• **About this task**
Lines from the first one down to the one containing "Nationwide furniture movers" in the data below are the only ones needed; please return them exactly, both ends included.

• **Data shown**
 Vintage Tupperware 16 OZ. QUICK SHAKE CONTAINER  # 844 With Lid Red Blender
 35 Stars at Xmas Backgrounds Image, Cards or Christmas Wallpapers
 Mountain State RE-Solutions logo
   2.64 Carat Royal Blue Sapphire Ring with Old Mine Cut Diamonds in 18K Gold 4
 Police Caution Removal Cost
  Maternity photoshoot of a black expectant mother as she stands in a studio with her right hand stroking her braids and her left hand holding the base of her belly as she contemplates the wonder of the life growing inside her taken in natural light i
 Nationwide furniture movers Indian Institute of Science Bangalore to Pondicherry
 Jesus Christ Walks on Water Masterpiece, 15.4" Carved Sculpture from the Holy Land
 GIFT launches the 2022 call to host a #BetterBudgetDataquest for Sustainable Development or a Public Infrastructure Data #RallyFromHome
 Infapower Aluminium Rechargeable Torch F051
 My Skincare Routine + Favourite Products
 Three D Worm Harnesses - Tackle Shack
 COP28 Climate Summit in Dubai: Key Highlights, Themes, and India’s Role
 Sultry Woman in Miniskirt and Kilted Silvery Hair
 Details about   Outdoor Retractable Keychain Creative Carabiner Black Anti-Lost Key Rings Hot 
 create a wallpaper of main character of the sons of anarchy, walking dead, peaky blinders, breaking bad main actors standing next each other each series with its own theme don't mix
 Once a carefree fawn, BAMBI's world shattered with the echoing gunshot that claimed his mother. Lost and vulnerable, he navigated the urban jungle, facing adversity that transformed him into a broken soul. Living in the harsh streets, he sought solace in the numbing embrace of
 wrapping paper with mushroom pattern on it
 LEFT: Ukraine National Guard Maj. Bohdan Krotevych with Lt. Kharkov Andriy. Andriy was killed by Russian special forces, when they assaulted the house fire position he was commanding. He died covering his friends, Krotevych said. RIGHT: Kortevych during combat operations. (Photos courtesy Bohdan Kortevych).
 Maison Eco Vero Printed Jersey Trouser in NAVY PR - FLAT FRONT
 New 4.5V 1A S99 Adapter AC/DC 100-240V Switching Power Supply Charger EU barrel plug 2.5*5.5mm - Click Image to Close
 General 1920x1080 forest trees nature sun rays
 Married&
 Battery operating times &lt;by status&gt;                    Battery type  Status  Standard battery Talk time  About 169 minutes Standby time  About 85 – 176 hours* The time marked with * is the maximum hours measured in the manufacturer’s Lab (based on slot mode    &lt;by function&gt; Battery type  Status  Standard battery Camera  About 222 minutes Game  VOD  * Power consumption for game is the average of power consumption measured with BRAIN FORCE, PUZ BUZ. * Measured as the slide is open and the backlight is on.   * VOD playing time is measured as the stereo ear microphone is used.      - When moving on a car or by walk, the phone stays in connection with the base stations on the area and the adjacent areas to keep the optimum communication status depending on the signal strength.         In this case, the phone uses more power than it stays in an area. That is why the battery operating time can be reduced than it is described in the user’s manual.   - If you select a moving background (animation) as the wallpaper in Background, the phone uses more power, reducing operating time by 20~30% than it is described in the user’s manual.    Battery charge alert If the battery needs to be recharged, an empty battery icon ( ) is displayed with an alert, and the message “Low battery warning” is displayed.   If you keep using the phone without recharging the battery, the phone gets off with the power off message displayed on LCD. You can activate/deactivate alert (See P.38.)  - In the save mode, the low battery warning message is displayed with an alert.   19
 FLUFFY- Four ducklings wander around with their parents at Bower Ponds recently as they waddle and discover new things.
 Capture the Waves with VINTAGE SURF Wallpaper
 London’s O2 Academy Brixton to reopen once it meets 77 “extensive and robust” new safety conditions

• **Written response**
 Vintage Tupperware 16 OZ. QUICK SHAKE CONTAINER  # 844 With Lid Red Blender
 35 Stars at Xmas Backgrounds Image, Cards or Christmas Wallpapers
 Mountain State RE-Solutions logo
   2.64 Carat Royal Blue Sapphire Ring with Old Mine Cut Diamonds in 18K Gold 4
 Police Caution Removal Cost
  Maternity photoshoot of a black expectant mother as she stands in a studio with her right hand stroking her braids and her left hand holding the base of her belly as she contemplates the wonder of the life growing inside her taken in natural light i
 Nationwide furniture movers Indian Institute of Science Bangalore to Pondicherry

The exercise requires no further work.